The other failure mode is scope inflation. A single OAuth token with read access to "all documents" gets handed to the model because it's easier than minting per-request tokens. The moment the model can call a search tool with that token, the model has every permission the token has, regardless of who is in the chat. Tool-layer authorisation closes this gap by re-checking, on every tool call, whether this user is allowed to do this action on this resource, with the model's identity treated as untrusted.
The shape of the layer
Concretely, the tool layer sits between the model runtime and any system the model can affect — databases, file stores, email, CRM, ledger, case management, anything. Every tool the model can call is defined by a JSON schema and a policy binding. When the model emits a tool call, the layer does, in order:
- Identity resolution. Who is the calling user? Not the model — the human or service principal whose session created this turn. The model never holds a token of its own.
- Argument validation. Does the tool call match the schema? Are IDs in the allowed shape? Reject anything malformed before it touches policy.
- Policy evaluation. Run the policy engine with the user, action, resource, and context. Get an allow/deny plus an obligation set (redactions, row filters, rate caps).

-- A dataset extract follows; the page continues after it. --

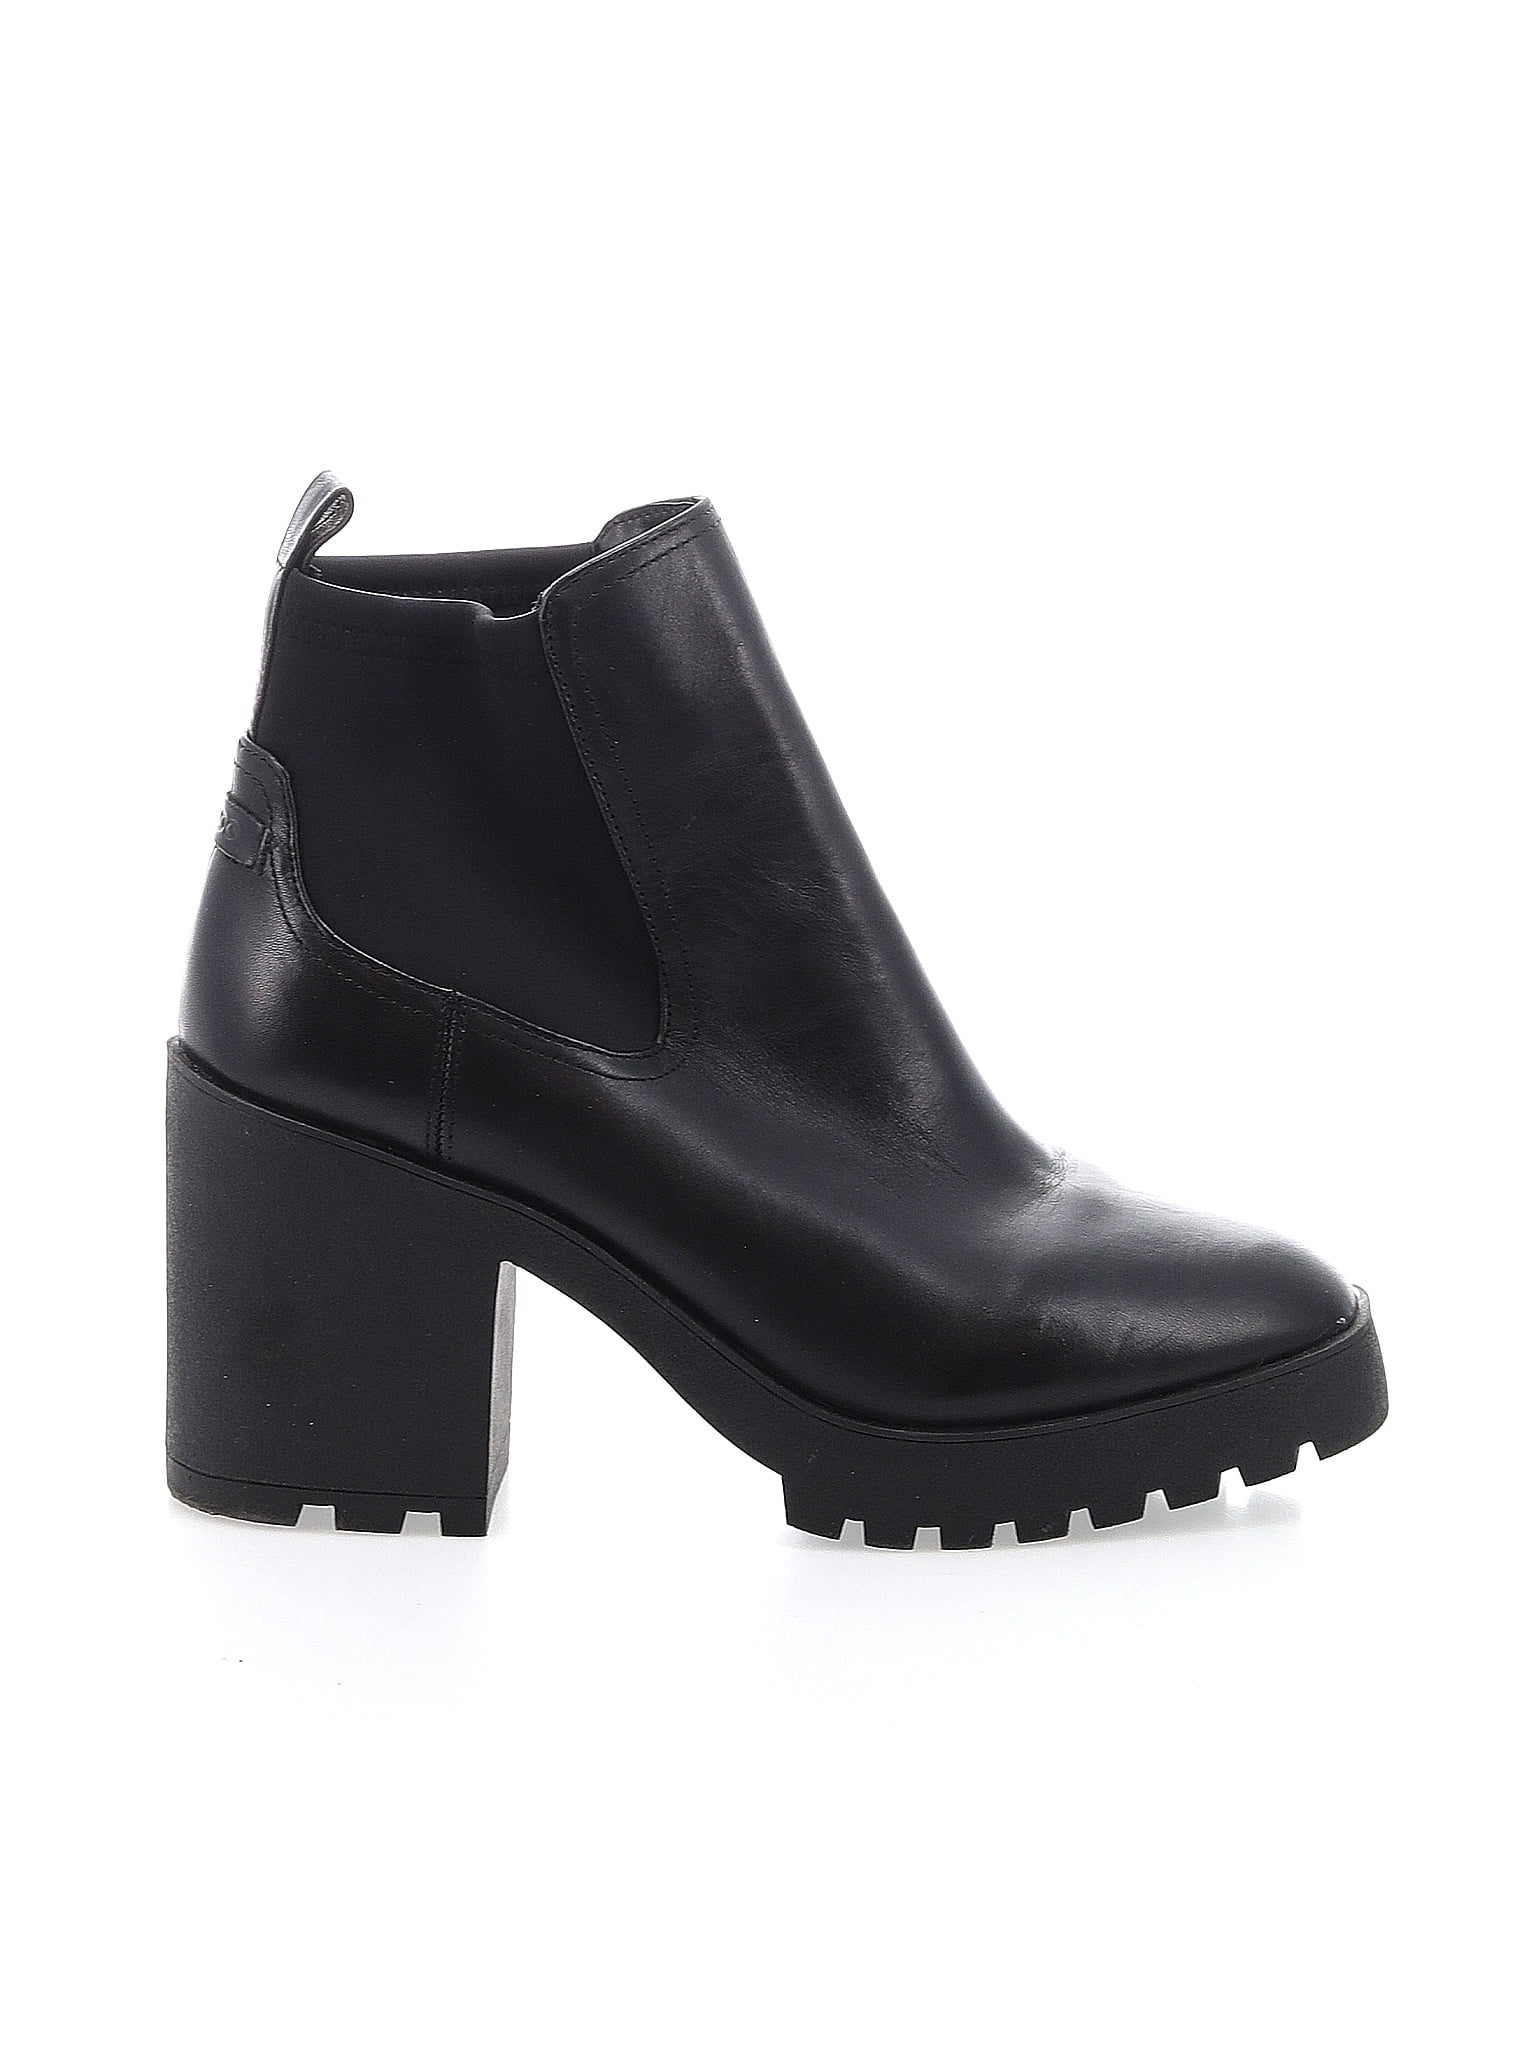 Aldo Solid Black Ankle Boots Size 8 1/2 - 59% off | thredUP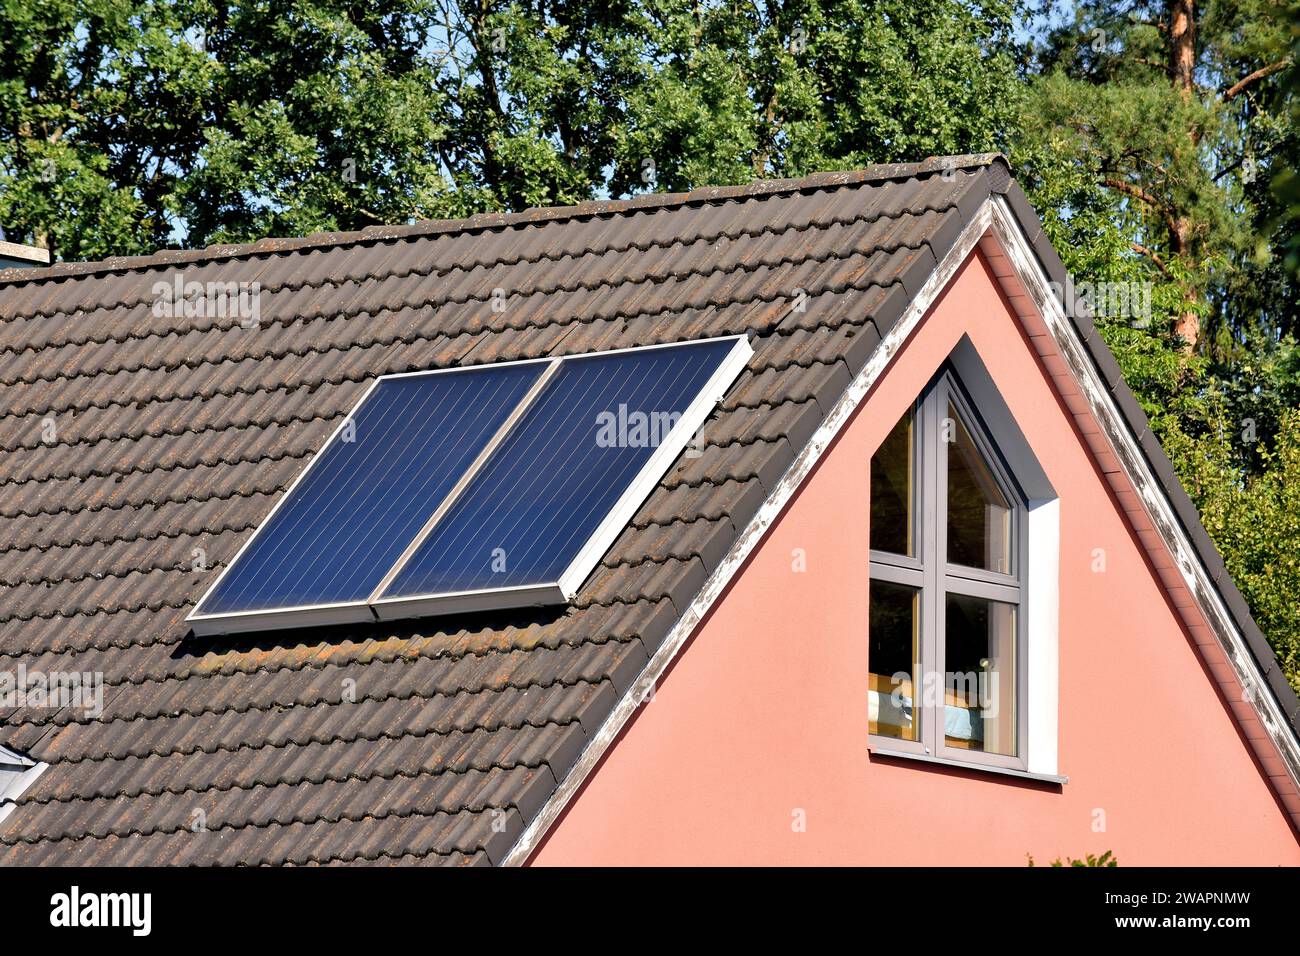 Collettori termici solari sul tetto della casa per una produzione ecologica di riscaldamento e acqua calda per uso domestico Foto Stock

- Execution under obligations. If allowed, execute the tool with the obligations applied — for example, a SELECT becomes a SELECT with an added WHERE clause sourced from policy, not from the model.
- Response shaping. Strip fields the user is not entitled to see before the result returns to the model. The model never sees what it is not allowed to act on.
- Audit. Write the decision, the policy version, the inputs, and the obligations to an append-only log.
Each of those steps is boring on its own, which is the point. Boring is auditable.
Policy as code, not policy as prose
The policy itself should be code, not a paragraph in a config file. I use Rego (OPA) for most of this, but Cedar works, and a small homegrown DSL is fine if the rule set is narrow. What matters is that the policy is:
- Versioned in the same repo as the application, with a commit history an auditor can follow.
- Testable — every rule has a unit test with allow and deny fixtures, and the test suite runs in CI.
- Inspectable at runtime — given a decision, you can produce the exact rule path that produced it.
- Independent of the model — the policy engine has no knowledge that an LLM is on the other side. It sees a principal, an action, a resource, and a context, the same way it would for a REST endpoint.
This last point is the one teams skip. The moment you write rules that reason about "what the model intended", you have built a system you cannot audit. Policy decides on facts: user X is asking to read document Y, here is X's role, here is Y's classification, here are the tenant boundaries. The model's intent is not a fact.
Obligations: the part most teams miss
Allow/deny is the easy half. The harder half is obligations — the constraints that travel with an allow decision and modify execution. Three obligation types come up constantly in regulated work:
Row filters. A solicitor is allowed to query the matter database, but only for matters they are assigned to. The policy returns allow with an obligation: append WHERE assigned_solicitor_id = $user.id. The tool layer applies that to the SQL before it executes. The model never constructs the filter; the model never sees rows outside the filter.
Field redactions. A bookkeeper can read invoices but not the bank details on them. The obligation is a field mask applied to the result before it returns. If the model tries to summarise bank details, it can't, because they are not in its context.
Rate and volume caps. Bulk export is the classic exfiltration path. An obligation can cap a single tool call to N rows, or cap a session to a cumulative volume. The model can't argue its way past a counter.
Obligations matter because real-world authorisation is rarely binary. It is "yes, but only these rows, with these fields hidden, at this rate". A tool layer that only does allow/deny pushes the rest of the logic back into the application, where it gets implemented inconsistently. Putting obligations in policy means the rule lives in one place and is enforced everywhere the tool is called.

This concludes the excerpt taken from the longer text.